Las dificultades extremas con las que tuvo que lidiar demuestran el grado de desamparo frente a la angustia que padece alguien cuando no dispone de un diccionario interpretativo para responder a la realidad mediante el sentido. El lenguaje aparece en su dimensión real, no simbolizada: lo que parecía afectarme tanto era lo inesperado del sonido. Ello implica que la relación al otro es amenazante, inquietante, y el sujeto debe refugiarse en defensas extremas para resolver situaciones aparentemente sencillas de la vida diaria.

Aprender en clase no me resultaba fácil. Tenía dificultades para concentrarme cuando otros niños hablaban de sí mismos o cuando alguien andaba o corría por los pasillos. Me resultaba muy difícil filtrar el ruido externo y solía taparme los oídos con los dedos para concentrarme. El esfuerzo titánico para permanecer vinculado no respondía a razones de orgullo o reconocimiento, sino a la insondable decisión de encontrar su sitio: nunca me preocupó que la profesora pudiera considerarme perezoso o inútil y nunca se me pasó por la cabeza lo que los demás niños pensasen al respecto.

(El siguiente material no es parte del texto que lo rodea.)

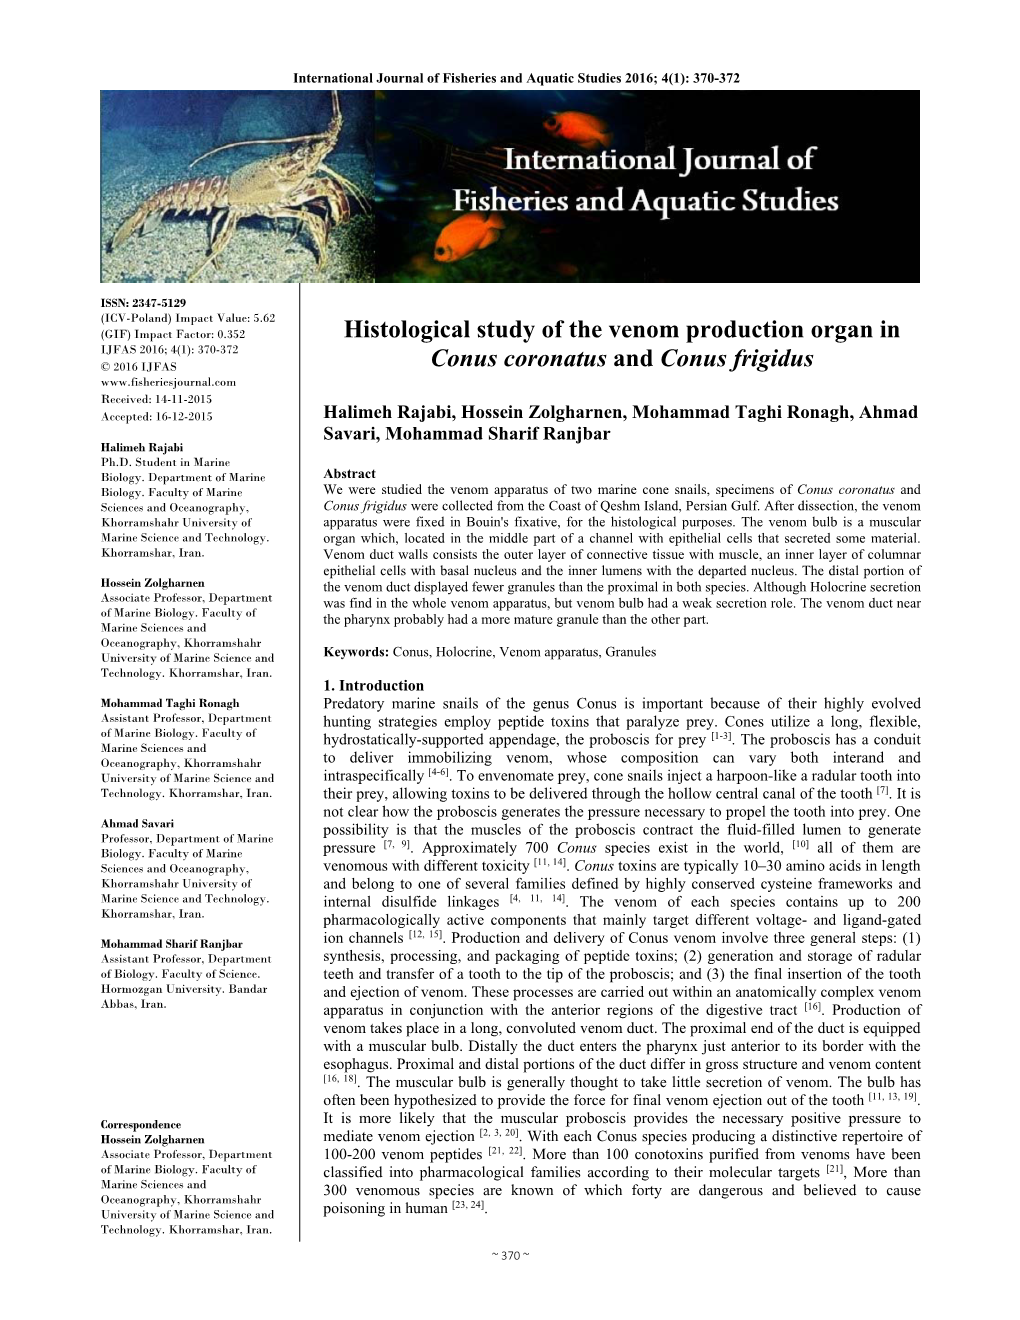 Histological Study of the Venom Production Organ in Conus Coronatus and Conus Frigidus

Gracias a una tenacidad incomparable, construyó un mundo en el que ha conseguido inscribir su individualidad a partir de un uso particular de lo simbólico con el que supo resolver el problema del goce de una manera singular; con esa apoyatura construyó el Otro y los otros. Daniel Tamet llevó a cabo un autotratamiento del gran problema de la vida. No se trata de un funcionamiento extraño del cerebro sino de un uso peculiar del lenguaje como medio de goce, lo que llamamos el sínthoma. El psicoanálisis hace posible que estas soluciones de la subjetividad no sean tan escasas y extraordinarias, que ellas sean más accesibles y que, en menor tiempo, con menos trabajo y sufrimiento, se pueda alcanzar su operatividad. El dispositivo analítico toma en cuenta esta dimensión real del inconsciente que no se vincula a su desciframiento sino a un uso lógico que le permite funcionar como sostén de la subjetividad. Este descubrimiento lacaniano constituye la mayor novedad respecto al inconsciente freudiano, del que Freud mismo tuvo una intuición cuando afirmó que en el inconsciente está formado por restos de cosas vistas y oídas. Lo que Lacan, en la Conferencia sobre el síntoma dice de este modo, poético: en el mar del lenguaje somos sumergidos y en él escogemos unas maderitas a las que nos aferramos para no sucumbir.

* Conferencia pronunciada en el NUCEP-Madrid, en el ciclo EL PSICOANÁLISIS EN LA ÉPOCA DE LA GLOBALIZACION.